Like Nora’s, my pumpkin snickerdoodle cookies were cakey – I think I liked them extra for that fact. I like soft cookies, and these were little clouds of pumpkin spice. I swear, I don’t think Crepes of Wrath has ever lead me awry.
I love snickerdoodles, in part because they remind me (for no reason other than nomenclature) of one of my VERY favorite childhood books – The Last of the Really Great Whangdoodles by Julie Andrews (yes, that Julie Andrews). It’s a fantastic book and maybe one day I will sit down and re-read it as an adult.

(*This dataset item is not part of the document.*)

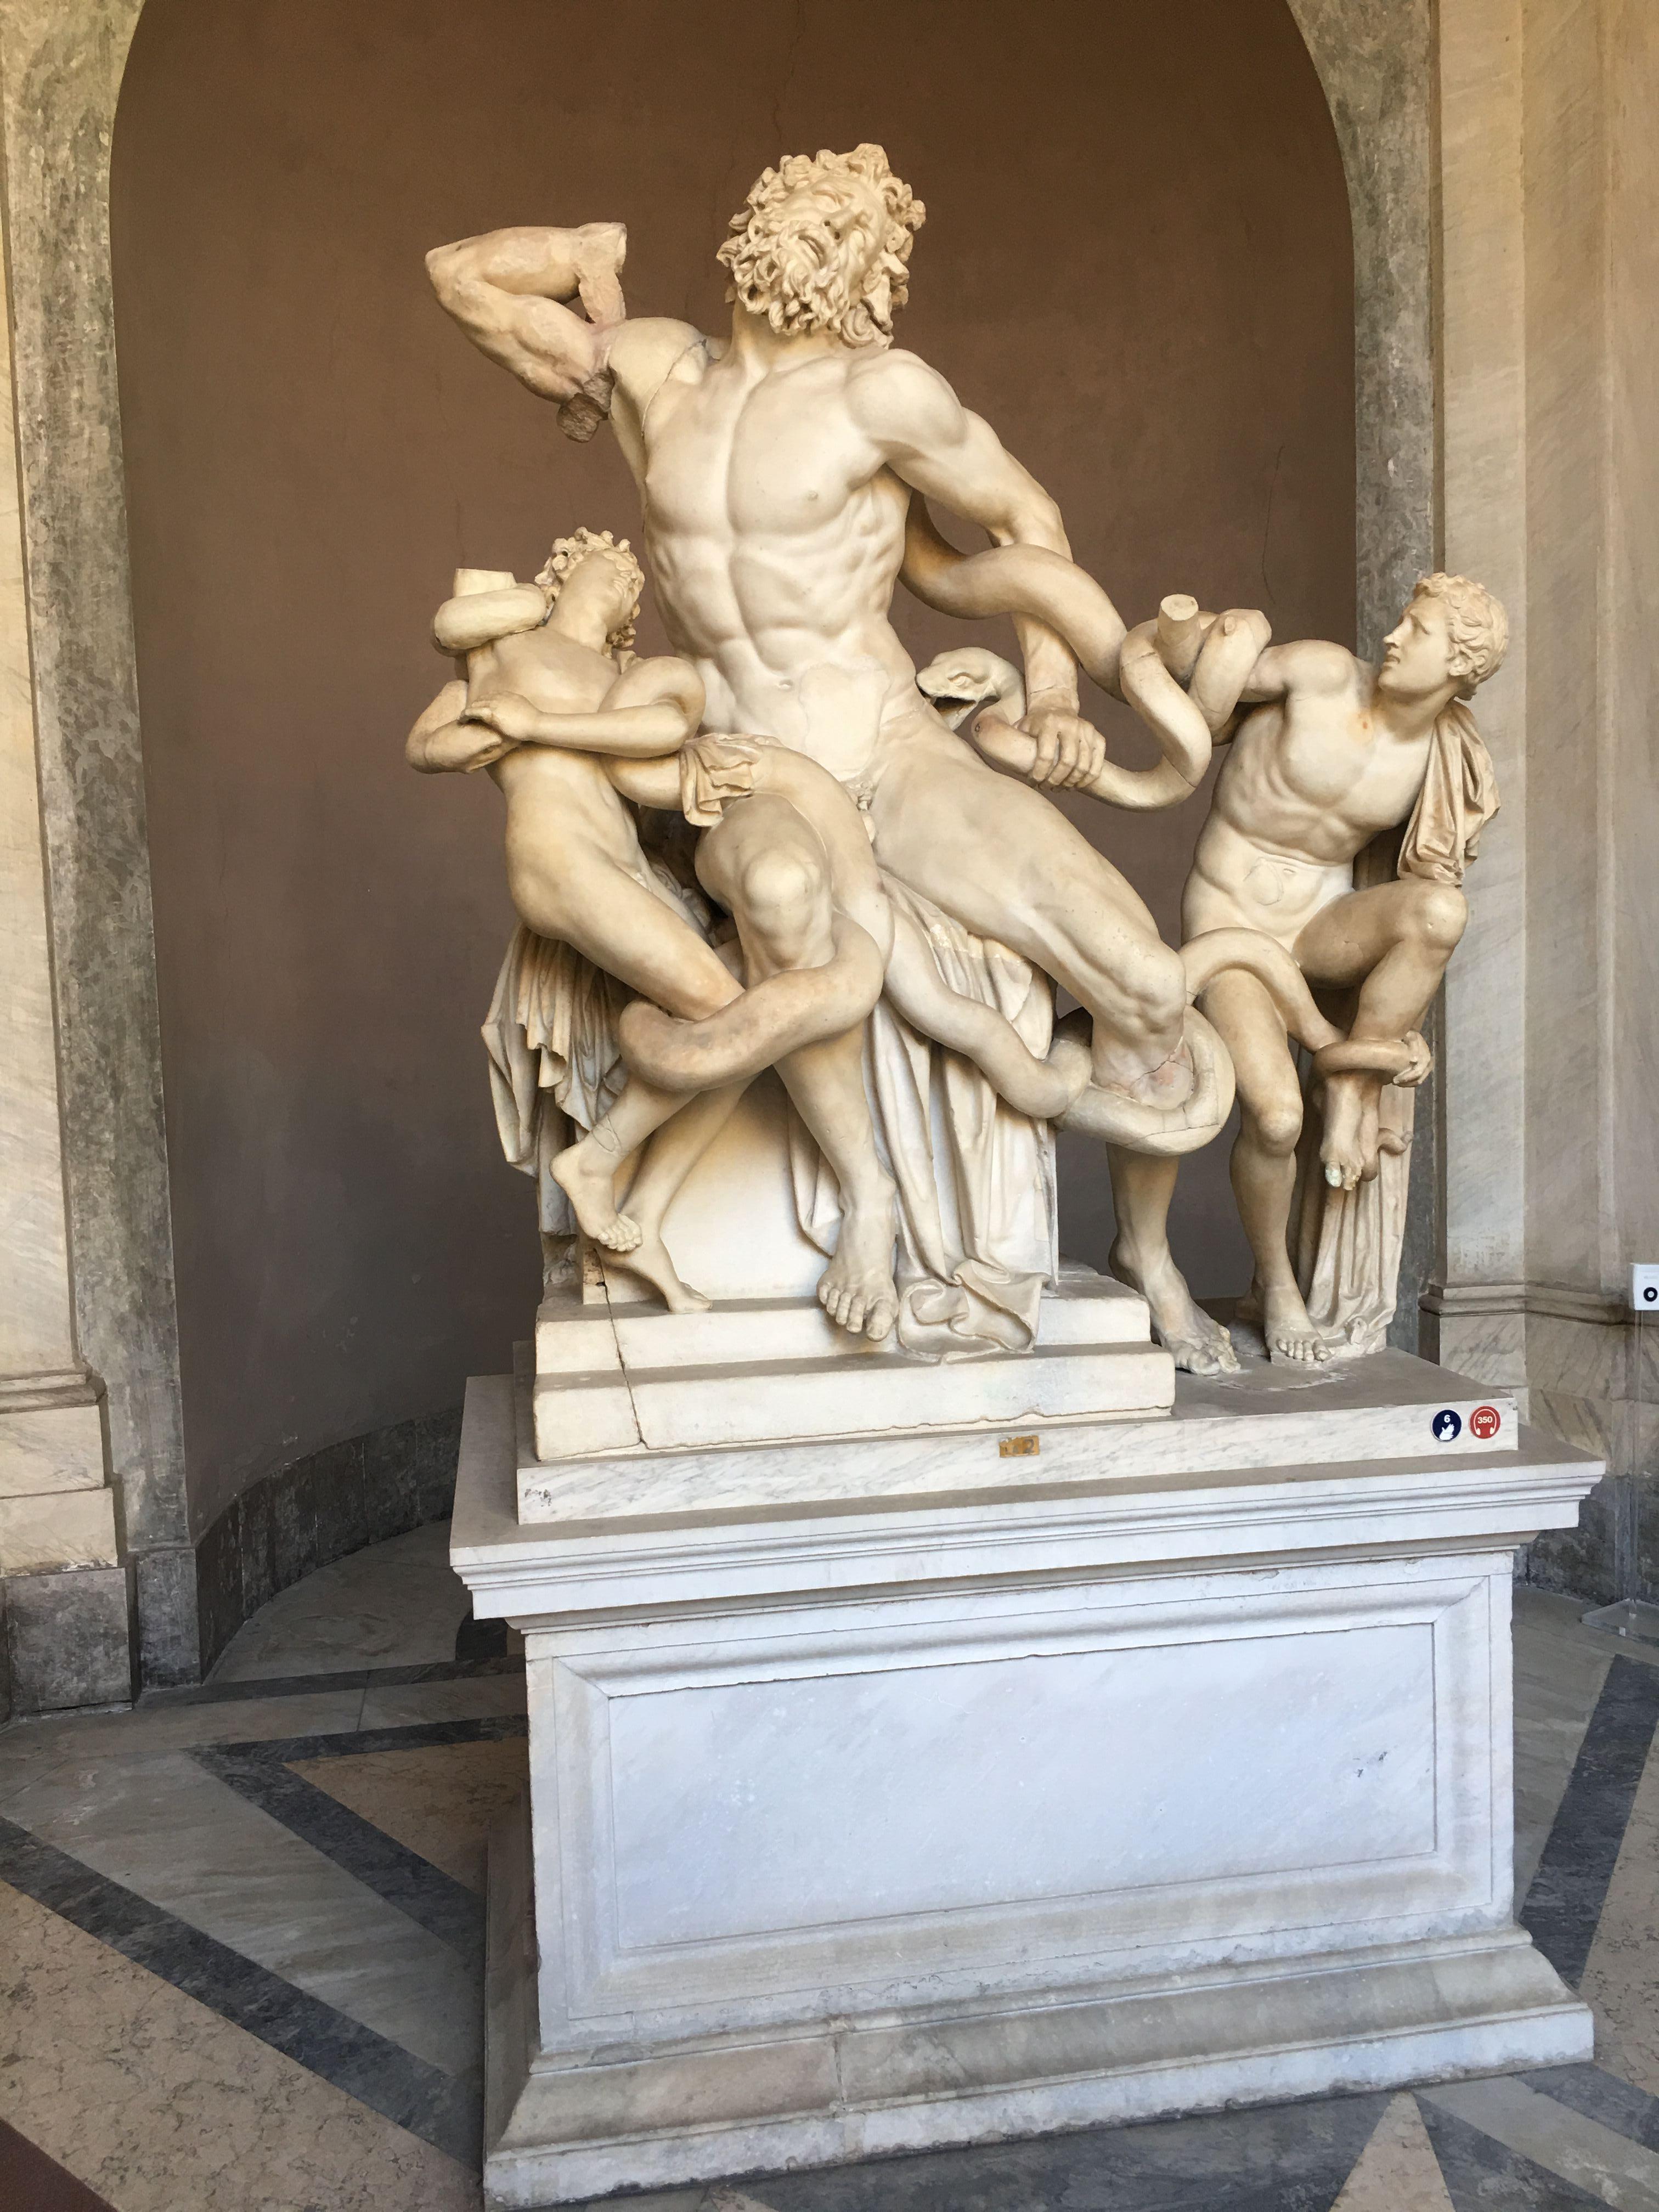 museu-do-vaticano-roma-italia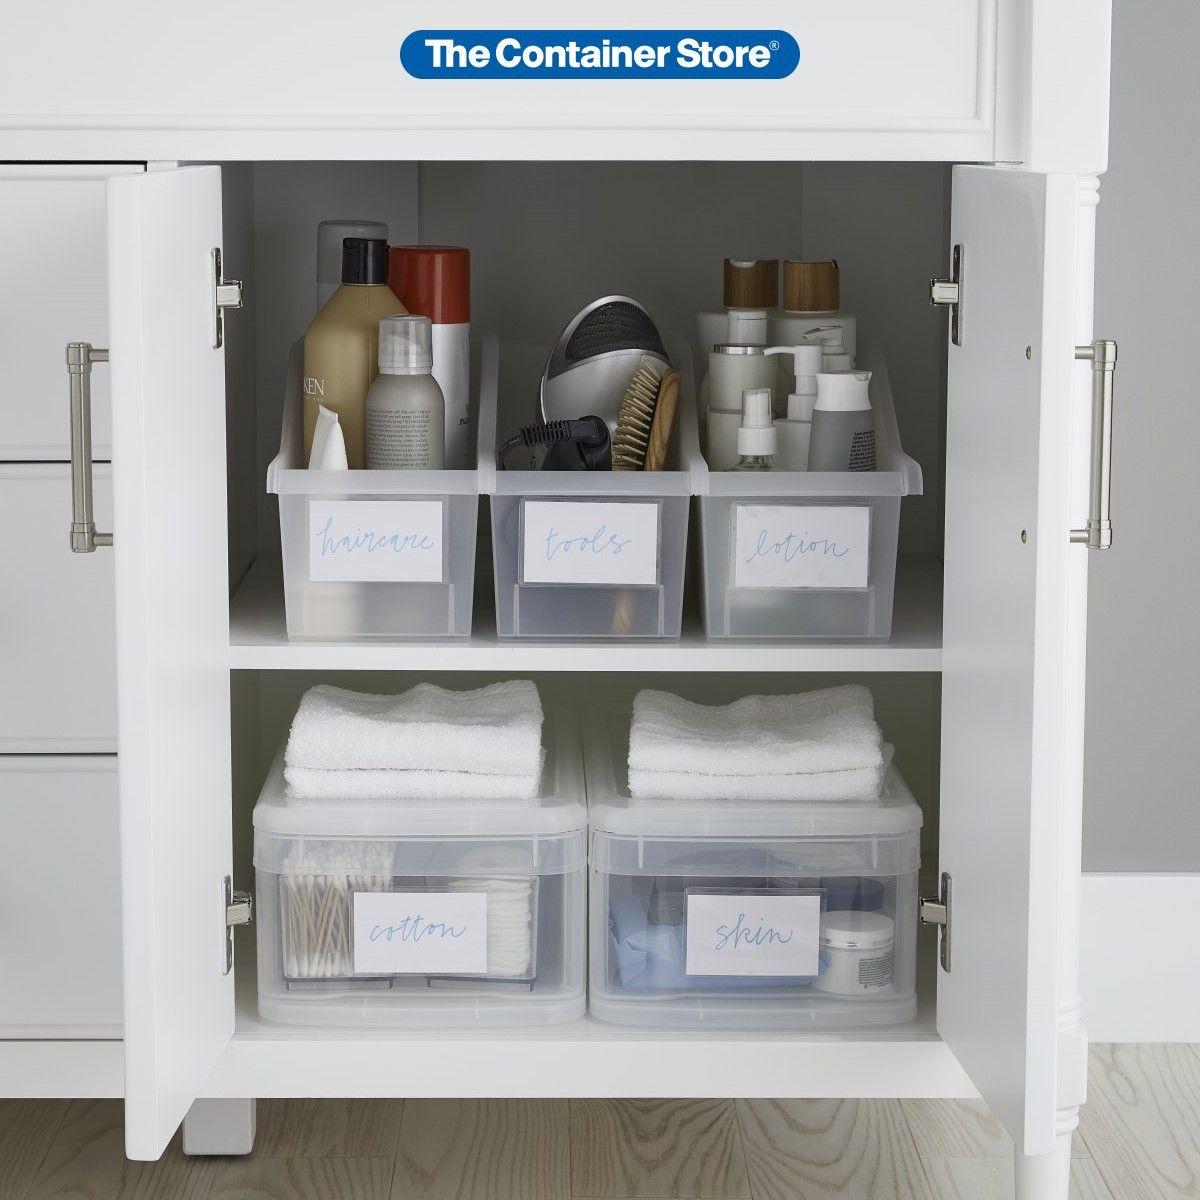 Undersink Bathroom Storage Pictured Iris Connecting Storage Bins Item 10076099 Small Tint Undersink Bathroom Storage Storage Bins With Lids Toy Storage

That said, these were fairly un-snickerdoodley, if you overlook the sprinkling of cinnamon sugar. They didn’t have any cream of tartar in them (one of the hallmark tastes of snickerdoodles, in my book), and as Nora said in her post, they didn’t have that signature crisp of snickerdoodles. So, perhaps “pumpkin snickerdoodle” is a misnomer. I don’t care much at all – these were some of the best cookies I think I’ve produced in quite a long time.
I started sifting dry ingredients…
I actually cut the dry sugar down and amped up the molasses content in these cookies. I know I have expostulated about my love of molasses on this blog before, but I do so love it. It’s the southerner in me, I suppose.
Anyway – I left enough sugar in this recipe to help mix the butter into tiny fat particles, but eliminated enough that I could still add some extra molasses without having them be too sweet.
So – extra molasses into the wet mixture (which I did not photograph because I am lazy and also it was not very appealing). Then, I got the dry and wet mixtures juuuuuust mixed together –And…
What a texture! This dough was like satin.
I rolled it into balls and dipped each ball into the cinnamon sugar mix before flattening them onto a cookie sheet.
I love that my unbaked cookies have the exact same indentation pattern as Nora’s did.
In and out they came. (Easiest. Cookies. Ever.) Unlike with a LOT of seasonal pumpkin baked goods, I didn’t think these were too heavy on the spices (regularly, I find that all I can taste in this sort of thing is nutmeg, which is a nice flavor, but not exactly “pumpkin spice”).
I am already thinking I might need to make another batch of these ASAP. Honestly, I’m hard-pressed to think of another cookie that I liked as much as these. My Orange Chocolate Brownie cookies with M&Ms (linking to Nora’s, since my post for those was weak) from almost exactly a year ago maaaaaybe squeak by this batch, but it’s a close one.